— Как бы не так!
— Или другое: не любишь ты по-настоящему свою Натали. Она нужна тебе как домохозяйка, не больше. Признайся.
— Давай замнем, Константин Павлович.
— А-а! Рассердился! Правду ты не любишь. А я вот говорю тебе как на духу: я без Милены кое-как вытягиваю рабочий день. Я тоскую без нее, я маюсь, Анатоль. Жду не дождусь, когда увижу. Часы считаю.
— То-то ты у меня здесь коньяк хлещешь!
— А почему, знаешь? — крутнулся в кресле Автономов.
— Догадываюсь. Вы поцапались.
— Да, правильно, поцапались. Даже не так. Крупно поссорились. А почему, знаешь? Я тебе скажу. Кому я еще могу довериться? Но ты не вздумай при случае проговориться своей Натали. Слышишь, Анатоль? Не вздумай.
— Очень мне это надо, — хмыкнул я.
— Она сегодня ночью… — Автономов сглотнул комок в горле, — опять не пустила меня к себе, — проговорил он раздельно и внятно, с тихим ужасом. И замер, ожидая моей реакции. Я захохотал, чем сразу взбесил его.
— Ты что? Ты что рыгочешь?
— Ох, не могу, Костя! Смешно.
— Чего тебе смешно, недоумку?
— А то… ха-ха-ха!.. как ты это сообщаешь.
— Как?!
— Как о вселенской трагедии, Костя, по меньшей мере.
— А это не трагедия по-твоему? Нет?! Я ее прошу, умоляю, можно сказать, а она ногой дрыгает, спинывает меня, на раскладушку гонит. Это как? Это комедия по-твоему?
— Ох, Костя, не смеши снова! Ты что, впервые живешь с женщиной? Раиса разве не давала тебе иногда от ворот поворот?
— Это я ей давал от ворот поворот, а не она мне!
В последние годы, да? А в молодости, когда вы от души миловались? Получал же ты отказы, и неоднократно, наверно. Чего ж ты хочешь от Милены? Может, она устала. Может, опасный период. Может, просто не было желания… у них это бывает. В чем трагедия?

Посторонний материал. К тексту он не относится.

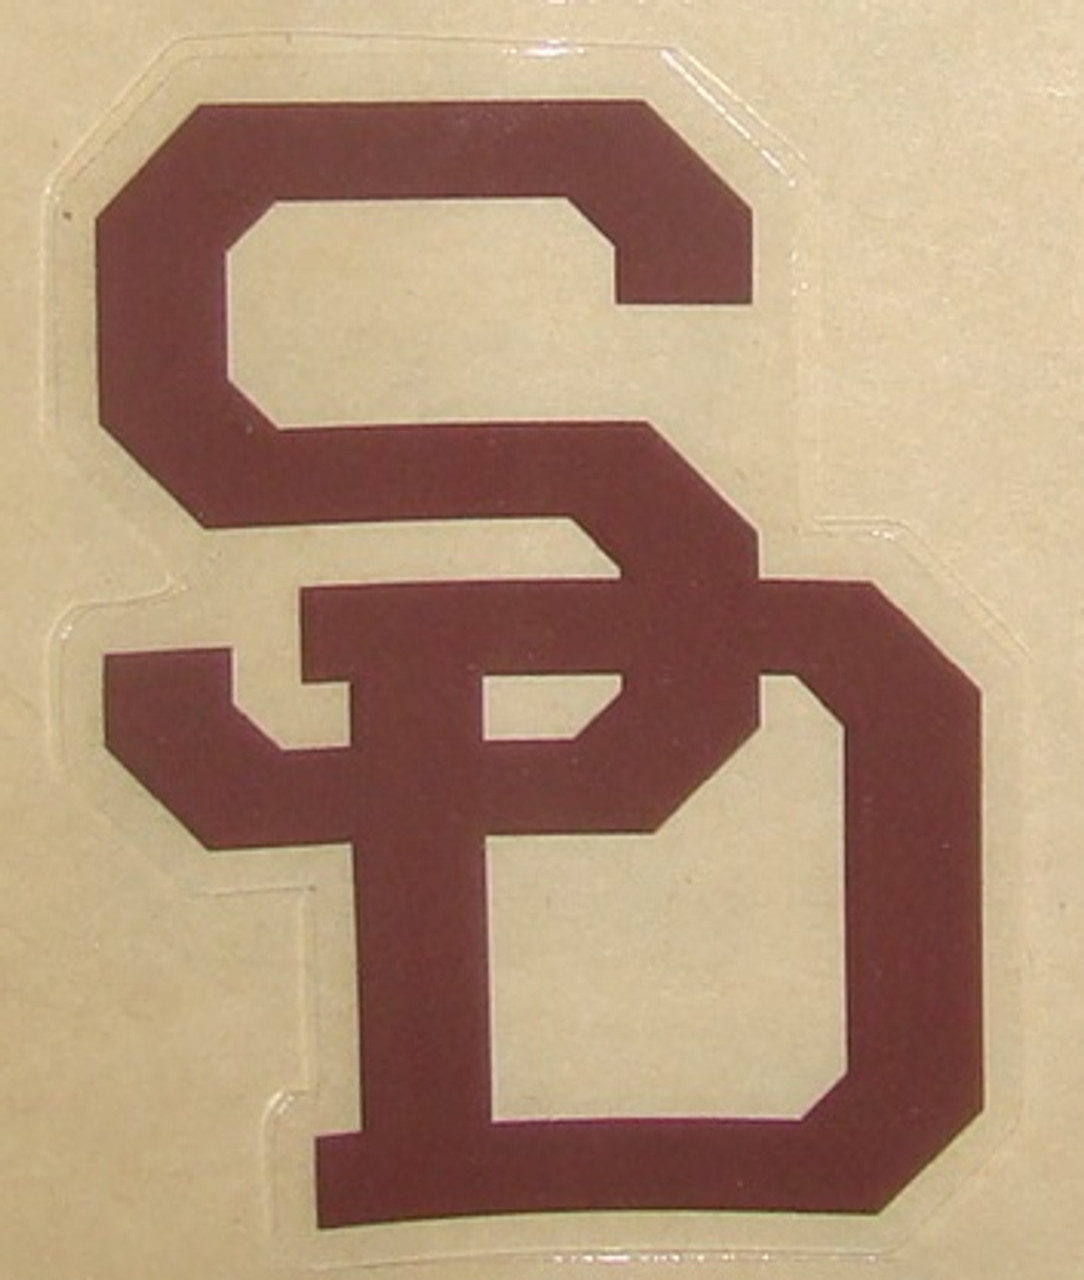 San Diego Padres SD Emblem Sleeve Patch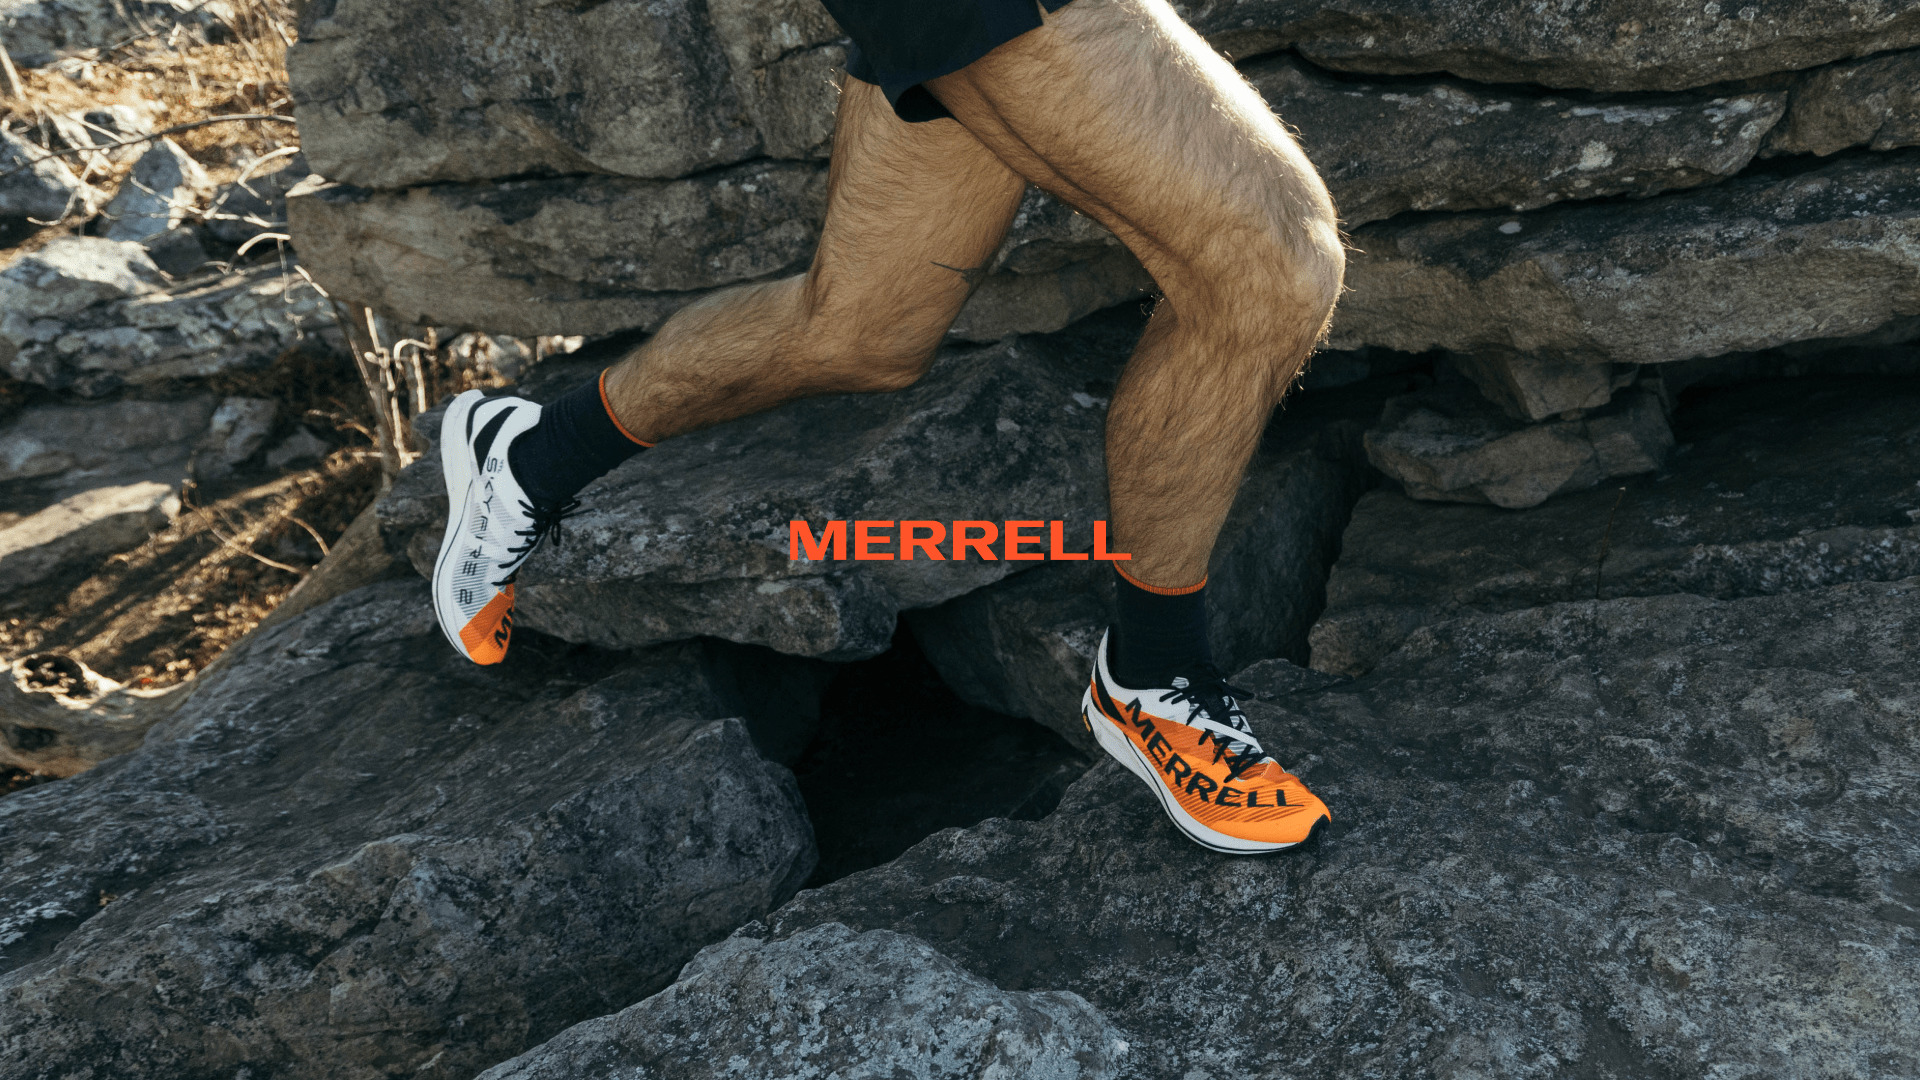  Merrell Zapatillas de running de competición para

— Какой ты умный, писака! Все-то ты знаешь-понимаешь! — противно засюсюкал Автономов. — А я тебе скажу: здесь что-то не так. Она мне принципиально отказала, я это почувствовал. Ее, видишь ли, мои обвинения за живое задели.
— Какие обвинения?
— СПРАВЕДЛИВЫЕ!
— То есть?
— Я в пятницу к ней на работу заехал без предупреждения. Около шести часов. Все уже расходятся по домам, а она, представь, сидит преспокойно в чужом кабинете, покуривает и болтает с неким Ростроповичем, ты его не знаешь.
— Как не знать! Знаменитый виолончелист. Муж Галины Вишневской.
— Не остри, остряк! Покуривает, болтает, домой не спешит. А ему палец в рот не клади, этому Ростроповичу. Он бабник еще тот. Молодой, смазливый. В Израиль, между прочим, собирается.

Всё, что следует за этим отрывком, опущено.